Нервно, как все ступающие на базар, проверив, надежно ли застегнут карман, где лежала пачка денег, и поправив автомат, караванщик окунулся в людское море, как пловец в воду. Море поглотило его…
Афганский базар, как, впрочем, и любой восточный, — это совершенно особенный мир. И делать на нем покупки надо уметь…
Главное — никогда не показывай свой интерес к чему-либо. Сначала пройдись по всем рядам, равнодушно поглядывая по сторонам и тем не менее подмечая то, что тебе нужно.

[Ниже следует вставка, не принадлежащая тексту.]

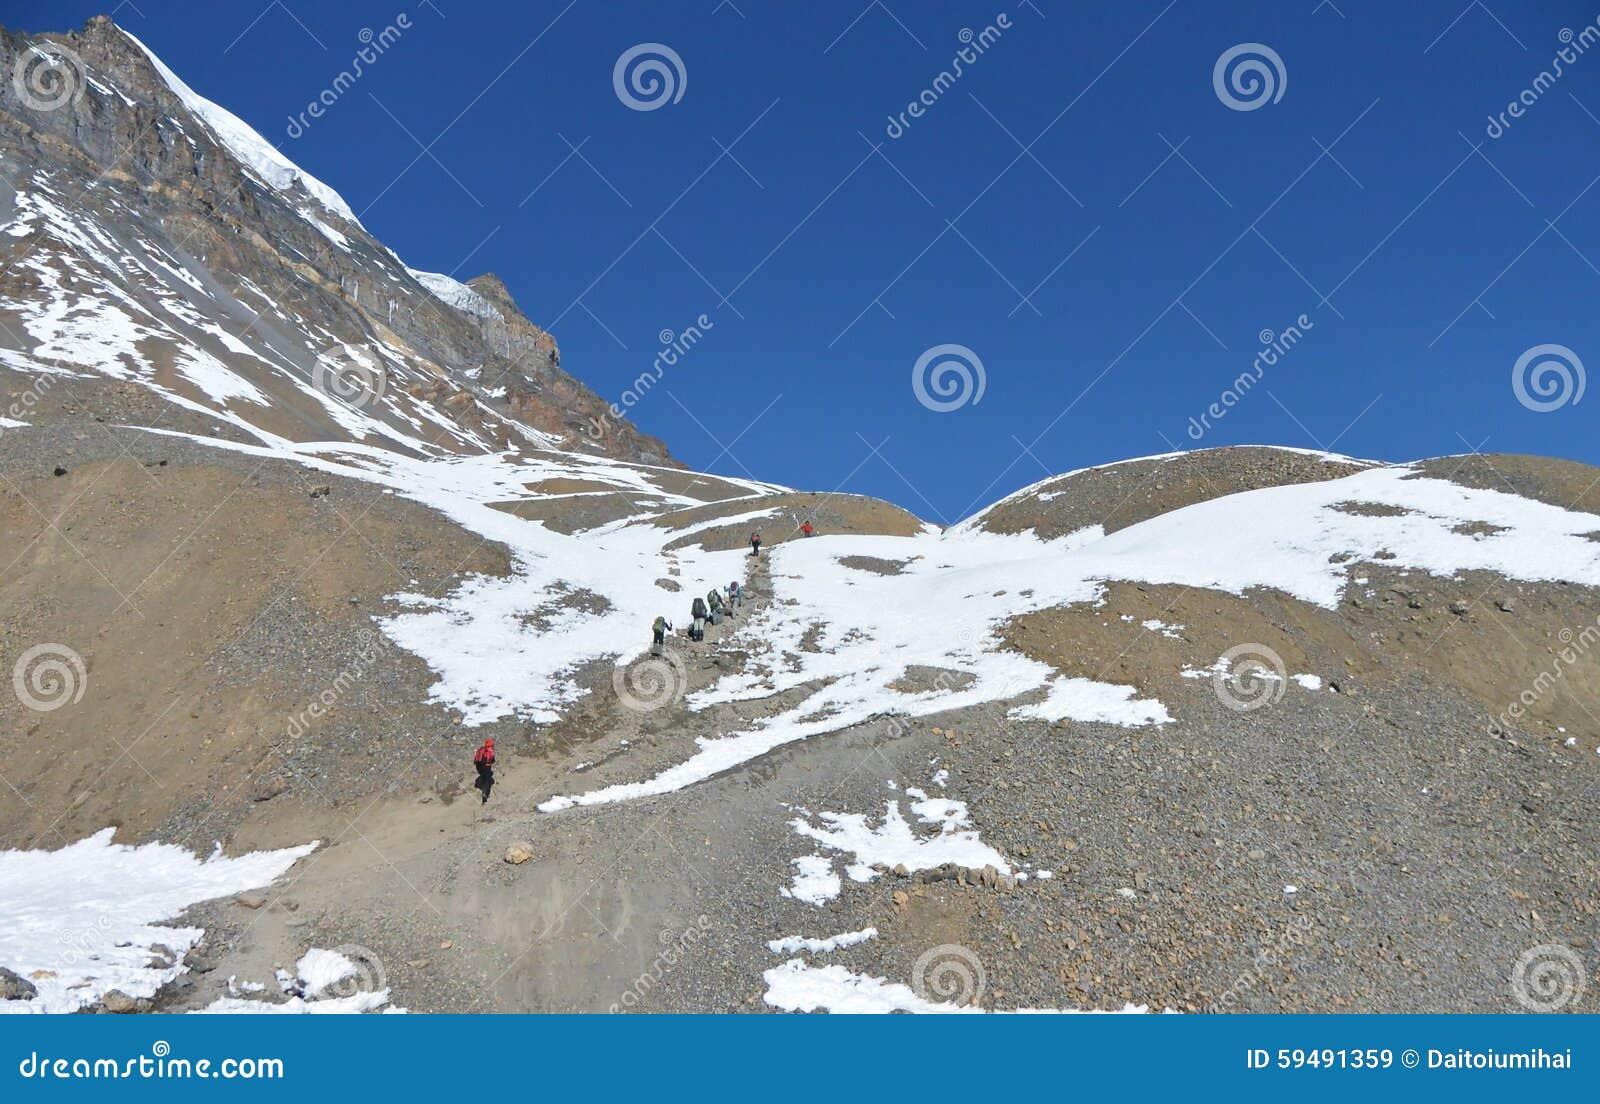 Thorung La pass to Daulagiri mountain. Annapurna trek, Himalaya mountains.

Если ты задержишься сразу у какого-либо дукана, спросишь про цену, затащат в дукан и не отпустят, пока ты не купишь и то, что тебе необходимо, и то, что тебе не нужно. Сначала пройдись по рядам и выясни обстановку.

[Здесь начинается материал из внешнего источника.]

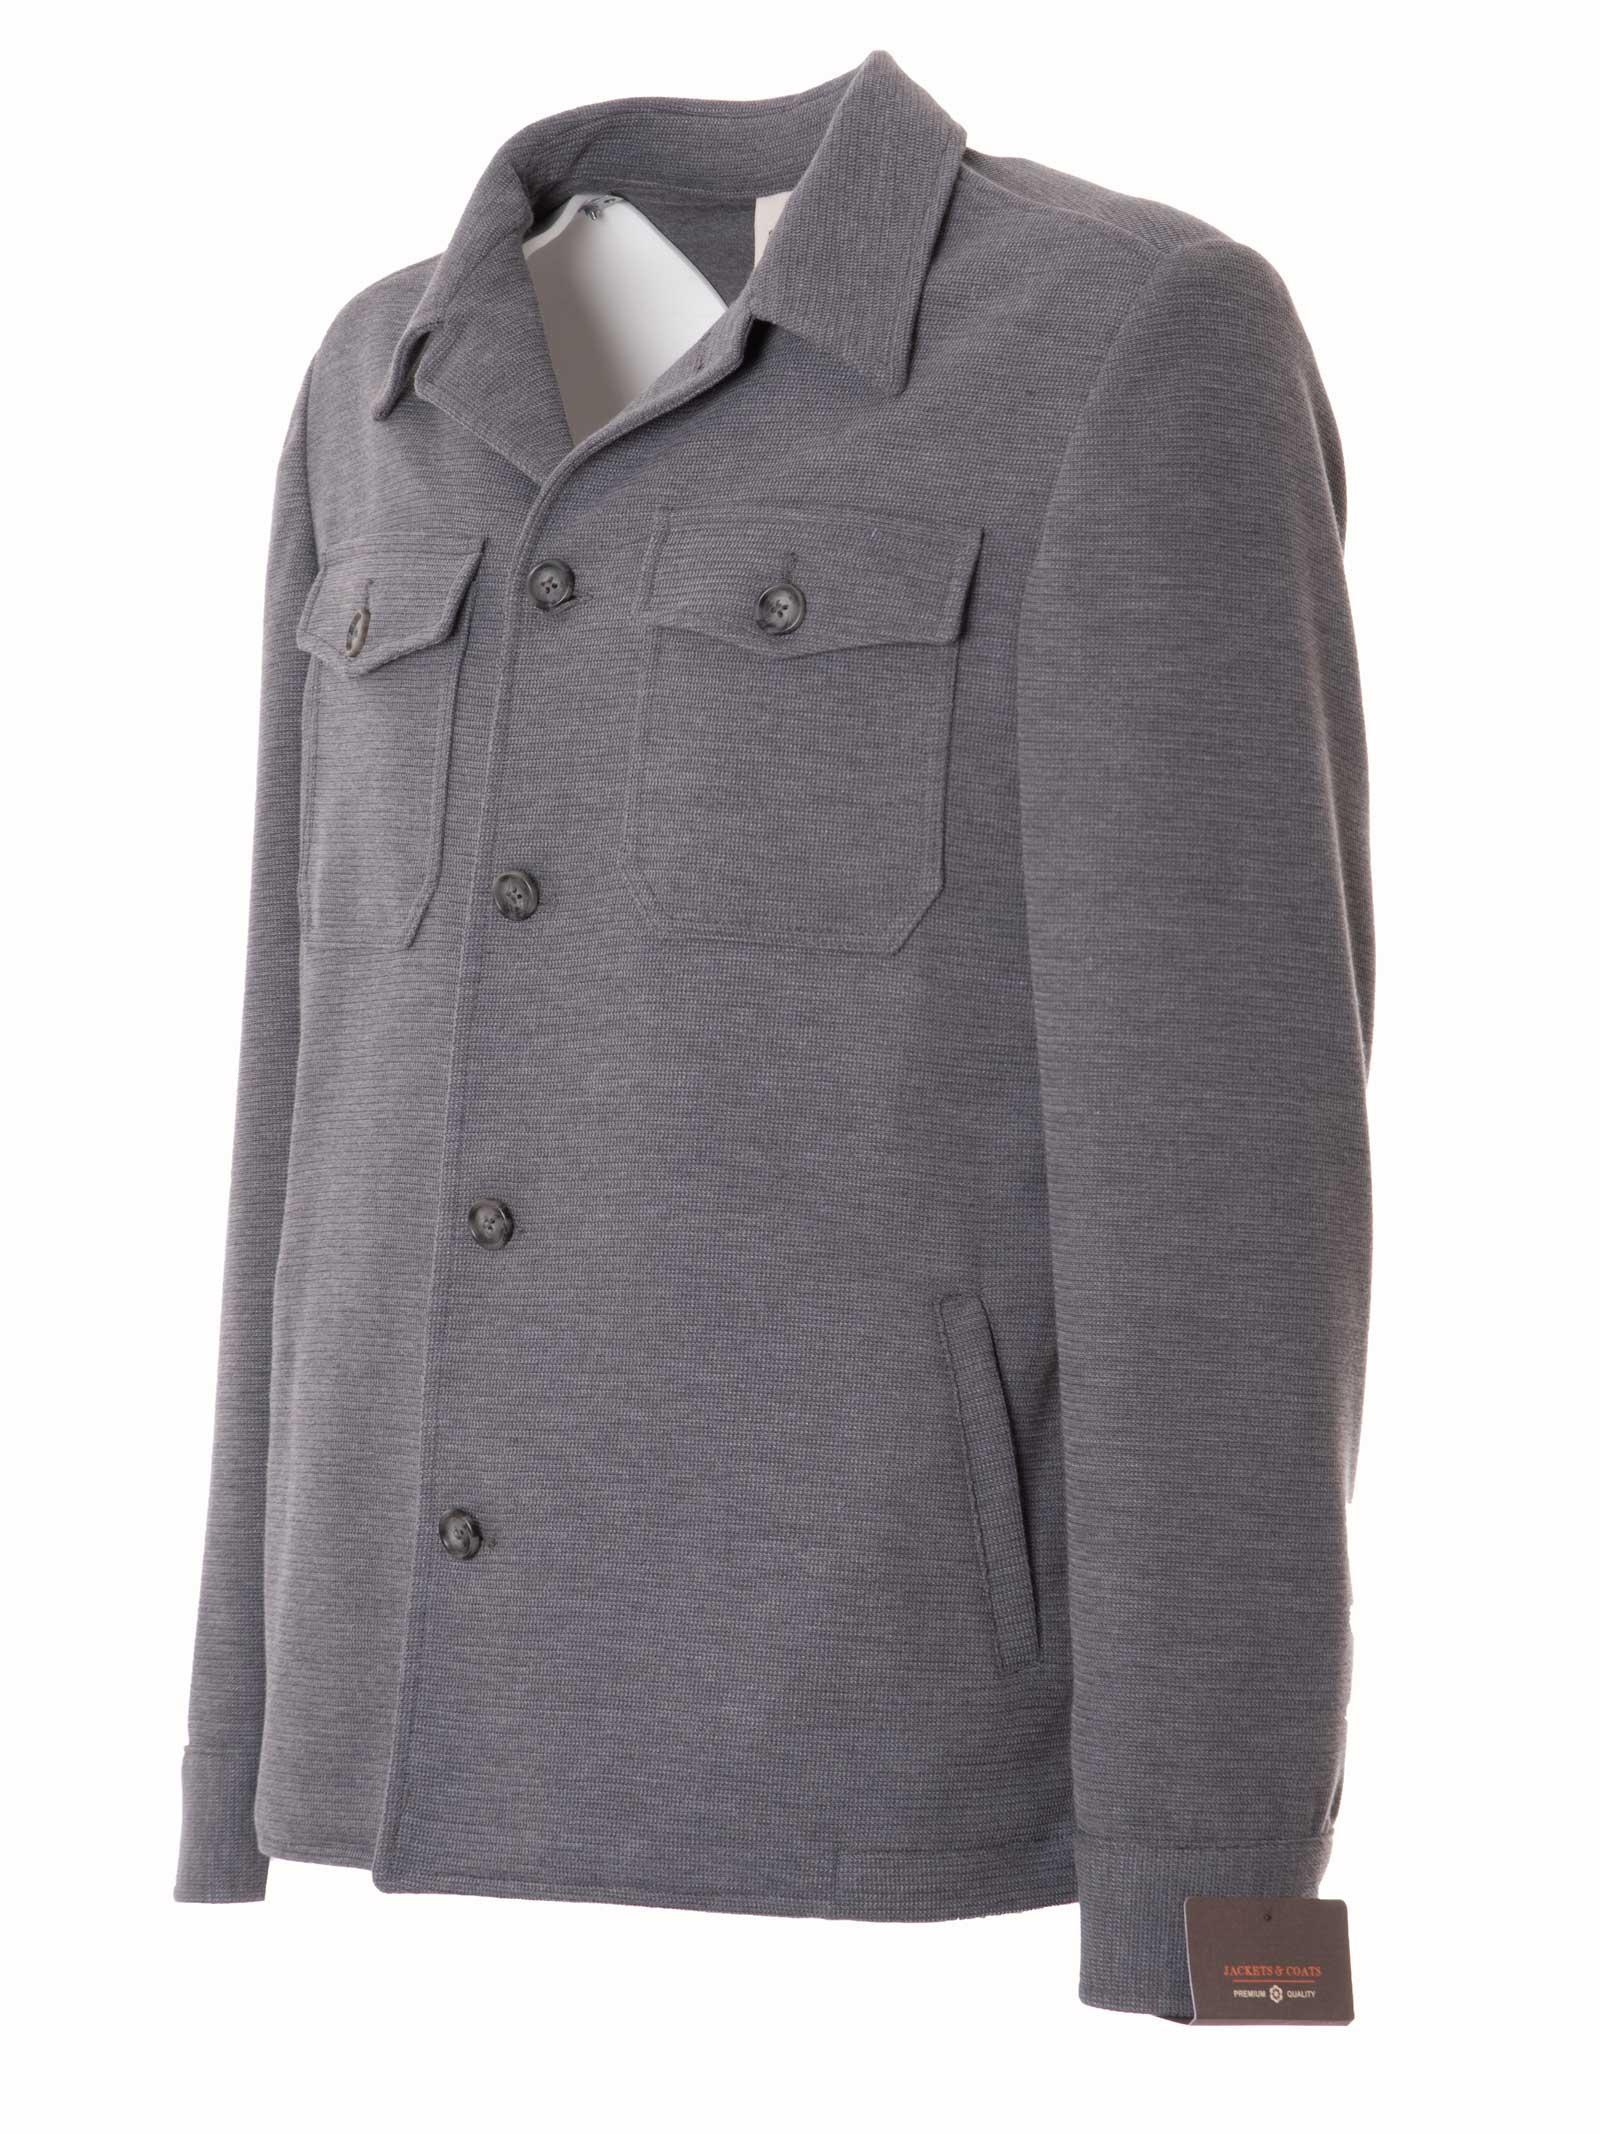 giacca/camicia in maglia GABARDINE | GABCAMYCOL.23

Потом уже подходи к тому, что тебя заинтересовало. Никогда не соглашайся на цену, которую тебе назовут, смело называй цену, как минимум, в пять раз меньше. Торг — это суть жизни базара, это ее квинтэссенция, это то, ради чего здесь все собрались. Лишив торговца торга, ты, во-первых, переплатишь за товар в несколько раз, во-вторых, оскорбишь его, потеряешь намус, уважение. Самые жадные торговцы завышают первоначальную цену в пять-семь раз, самые совестливые — раза в три. Для русского, где в лавках тоже торгуются, но купец может дать скидку двадцать-тридцать процентов, не больше, такое завышение цен выглядит диким. Но в чужой монастырь со своим уставом, как говорится…
Торг может растянуться на час и больше. Не торопись, если торговец не хочет снизить цену, демонстративно отойди в сторону, приценись к товарам в других лавках, даже если намерен купить в первой. Демонстративно похвали чужой товар, если торговцы затеют между собой перебранку, кляня друг друга последними словами — это очень хорошо. Возможно, тебе и в другой лавке предложат нужный тебе товар: не все товары лежат на виду, а если в этой лавке такого товара нет, может, он отыщется в лавке соплеменника.